In Rural Assam, the process of giving land allotment to landless people has three distinct phases. First, the government allots a plot of land to people at the approval of the land advisory committees concerned. Such committees are located at district and sub-divisional levels, and they are under the supervision of deputy commissioners and SDOs civil. After three years of land allotment, the government allots them (recipients of government land) actionia patta. After another three-year period, the government provides such people myadi pattas.

This is the rule followed in rural Assam while issuing land pattas. However, the ground reality in most of the cases is quite different. The process is very lengthy taking more than six years, rural people, including farmers, often fail to pursue the process. In most of the cases, such people are deprived of ownership of the land under their possession. Lack of ownership of land under their possession makes such rural people face innumerable problems.
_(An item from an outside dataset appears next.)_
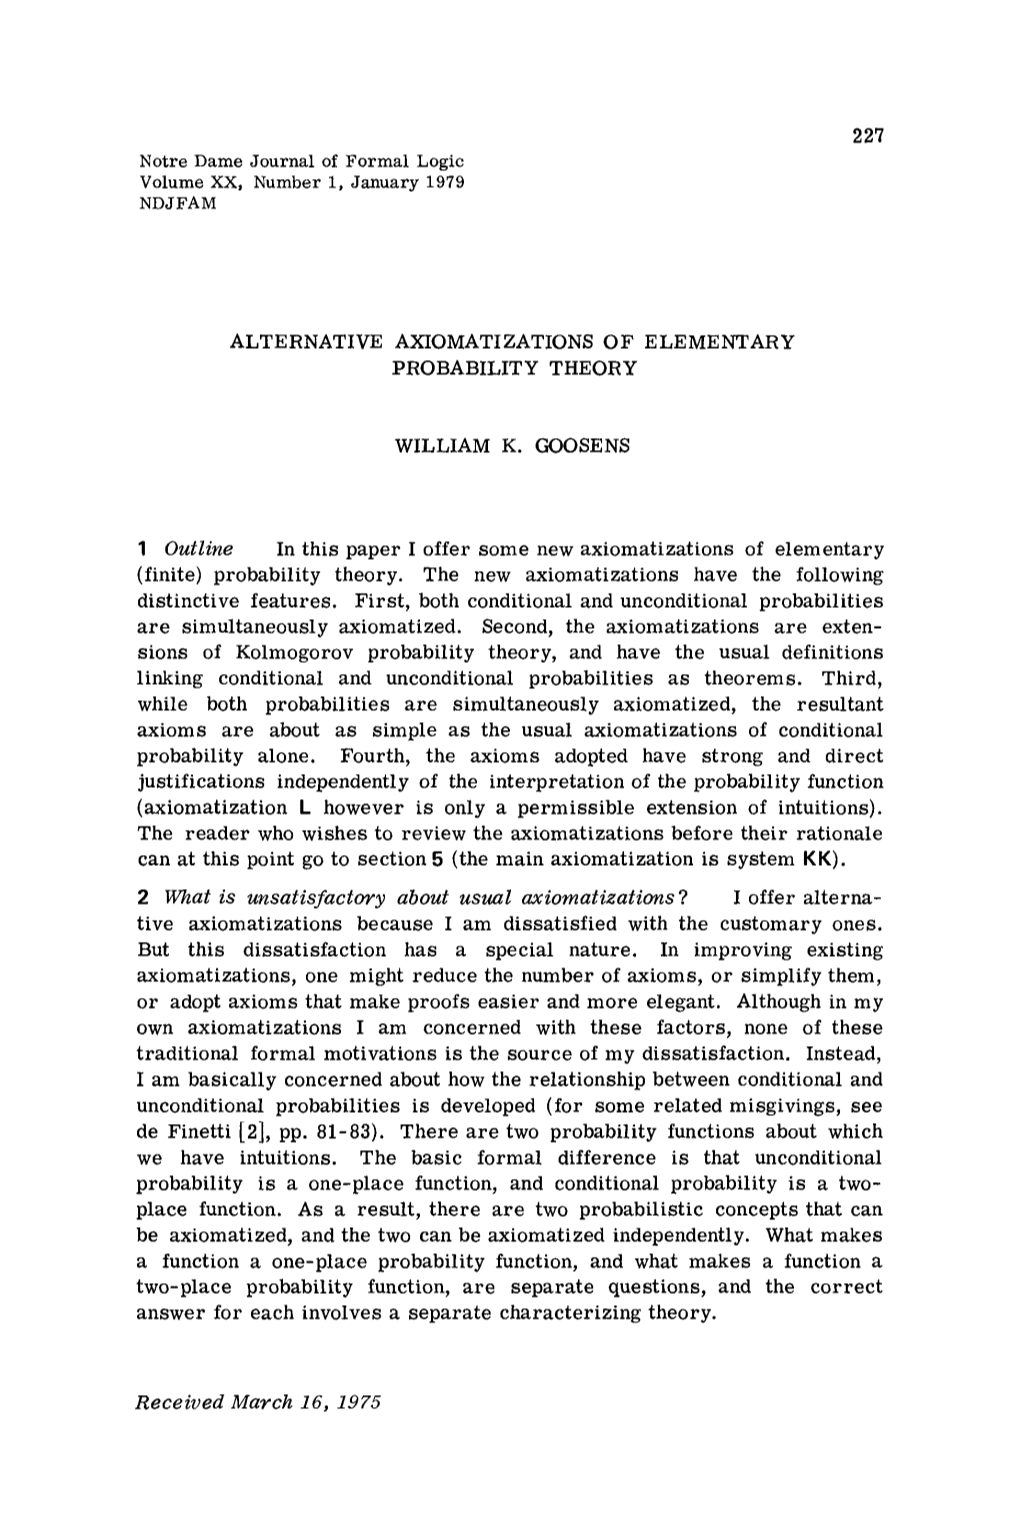 Alternative Axiomatizations of Elementary Probability Theory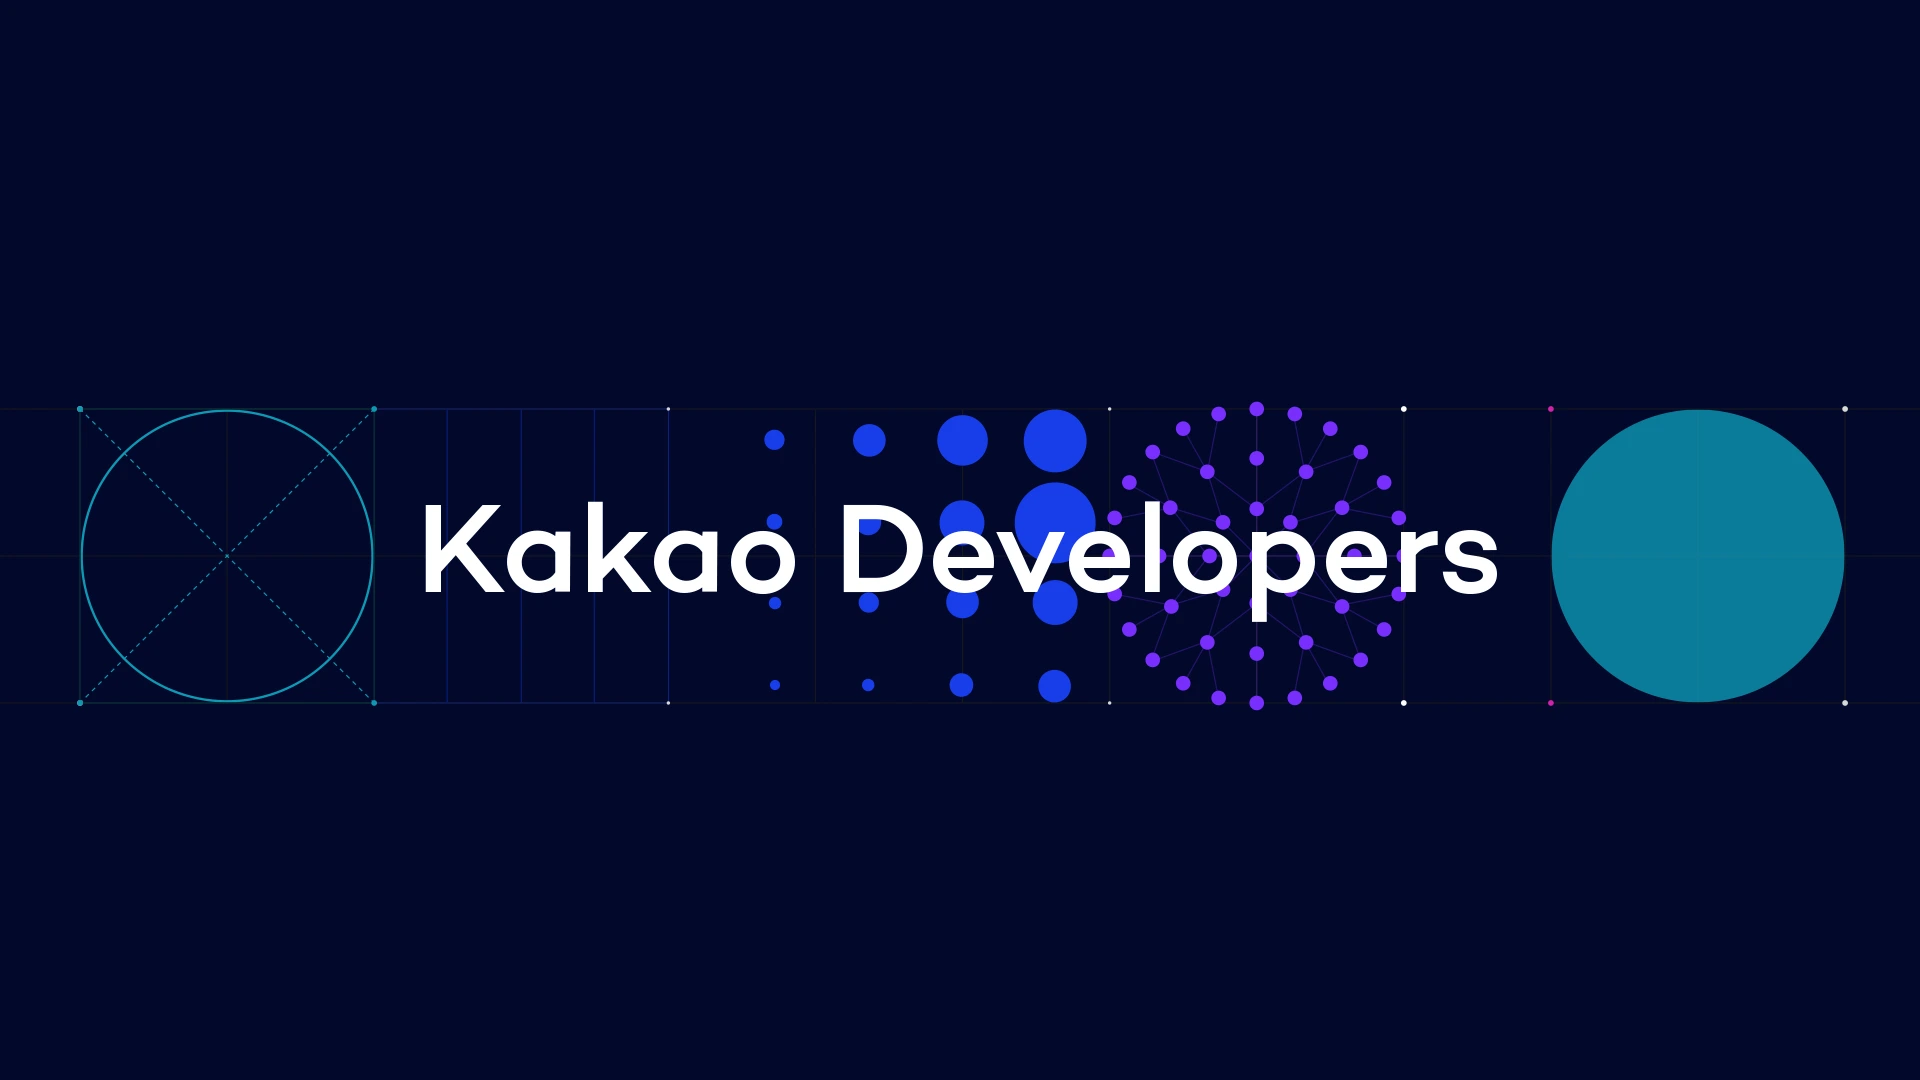 개발자들과 카카오 서비스를 두 개의 원으로 그렸고, 그것을 연결하는 카카오 API플랫폼을 카카오 디벨로퍼스라는 로고로 표현했다

According to sources in the State Revenue and Disaster Management Department, in order to make the process of land allotment simpler and less time-taking, Dispur is now trying to skip the middle step – providing actionia pattas – so that myadi pattas can be issued three years after allotment of land. This system, according to the sources, will have a rider – the land to be issued myadi patta will have to be used only for the purpose it was used allotted.

Dispur feels that such an easing out of the system will be a succour for the indigenous rural people of the State.